Charner became a capitaine de corvette (lieutenant commander) in 1837. As second in command of the Belle Poule he accompanied François d'Orléans, Prince of Joinville to Saint Helena to bring back the remains of Napoleon to France in 1840 (the Retour des cendres). He was appointed capitaine de vaisseau (ship-of-the-line captain) in April 1841, and served in various naval commands during the remainder of the July Monarchy. In 1843 Charner was part of the fleet sent to the Pacific Ocean by the French Foreign Minister François Guizot under Admiral Jean-Baptiste Cécille with the diplomat Marie Melchior Joseph Théodore de Lagrené. The move responded to the Britain's victory in the First Opium War, and France hoped to counterbalance the increasing levels of British influence by accessing China from the south.

==French Second Republic (1848–51)==

During the French Second Republic on 13 May 1849 Charner was elected representative of Côtes-du-Nord in the Legislative Assembly. He sat with the right and supported the policy of President Louis Napoleon. He was a member of the Naval Investigation Commission and was often involved in discussions on technical matters. He was also a member of the Côtes-du-Nord General Council.

==Second French Empire (1852–69)==

After the coup d'état of 2 December 1851 Charner was appointed Chief of Staff of the Minister of the Navy. He was promoted to rear admiral on 3 February 1852, and made second in command of the Pacific Ocean Squadron in August 1853. During the Crimean War on 17 October 1854 his battleship, the Napoléon, battled for five hours with Konstantin Battery. It fired 3,000 shots and was hit by 100 cannon-balls. On 7 June 1855 he was promoted to vice-amiral. He chaired the Naval Works Committee.

In May 1860 Charner took command of the naval forces in the China seas and supported the expeditionary force during the Second Opium War. After directing the disembarkation of the troops at Peïo he directed his gunboats to attack the forts that defended the entrance to the river. He was then appointed commander in chief of the land and sea forces in Cochinchina.
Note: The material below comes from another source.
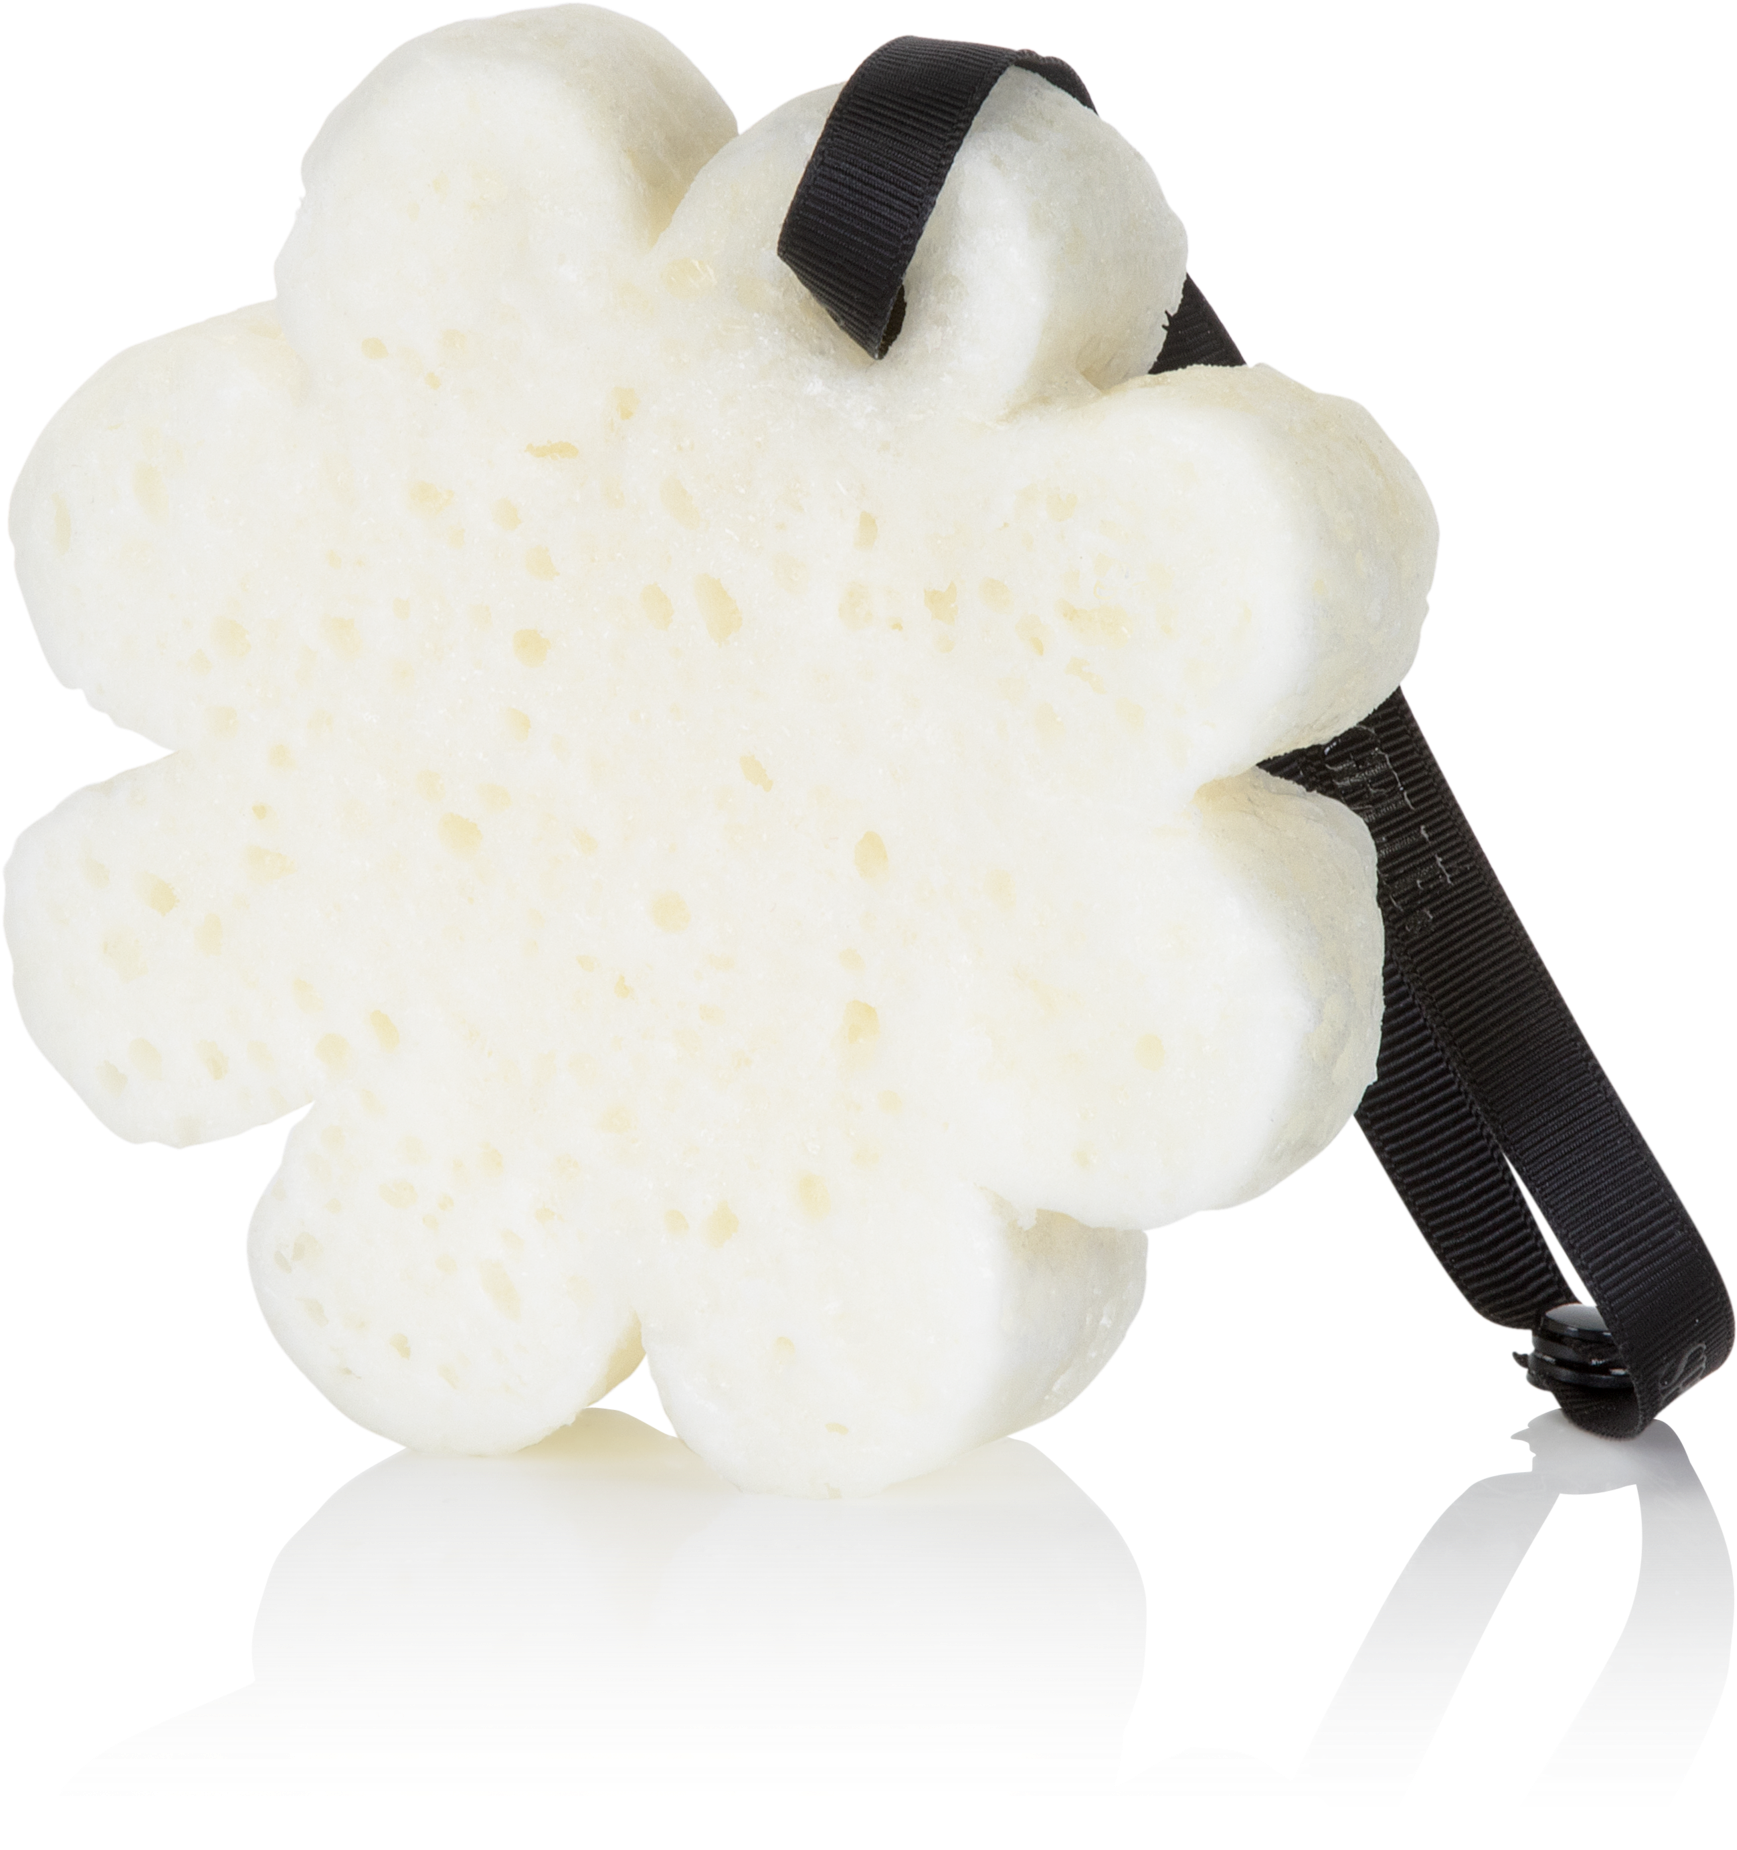 A White Flower Shaped Object With A Black Strap

As soon as the war ended, Charner left for Vietnam in January 1861 with his naval squadron and a force of 3,000 troops to support French troops under Captain Joseph Hyacinthe Louis Jules d'Ariès encircled in Saigon. On February 11, 1861, he relieved the Siege of Saigon, thereby continuing the endeavour of Admiral Charles Rigault de Genouilly, and permitting the establishment of the first French territories in Vietnam. The French Navy Minister Chasseloup-Laubat wrote to Charner: "We wish to draw commerce to Saigon (...) What we want is a sort of suzerainty or sovereignty with free trade accessible to all". After three weeks of combat, ending with the Battle of Kỳ Hòa, Charner managed to relieve the Saigon garrison. These efforts allowed the French to capture three provinces of Cochinchina.
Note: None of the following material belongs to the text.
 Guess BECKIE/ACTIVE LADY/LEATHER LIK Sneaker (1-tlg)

Charner was replaced by Admiral Bonard in November 1861, who managed to obtain the recognition of the French conquests by Emperor Tự Đức in 1862, with the June 1862 Treaty of Saigon.

===Later career===

Charner returned to France in September 1861, and on 22 January 1862 was made a senator. Until his death he sat with the supporters of the imperial regime. He was promoted to admiral by decree of 15 November 1864. He was awarded the Grand Cross of the Legion of Honour on 10 February 1861. Charner died on 7 February 1869 in Paris. Several French Navy ships have been named after him, such as the French cruiser or the Bougainville-class colonial sloop ("aviso colonial") Amiral Charner (1933) which fought at the Battle of Koh Chang in the 1941 Franco-Thai War.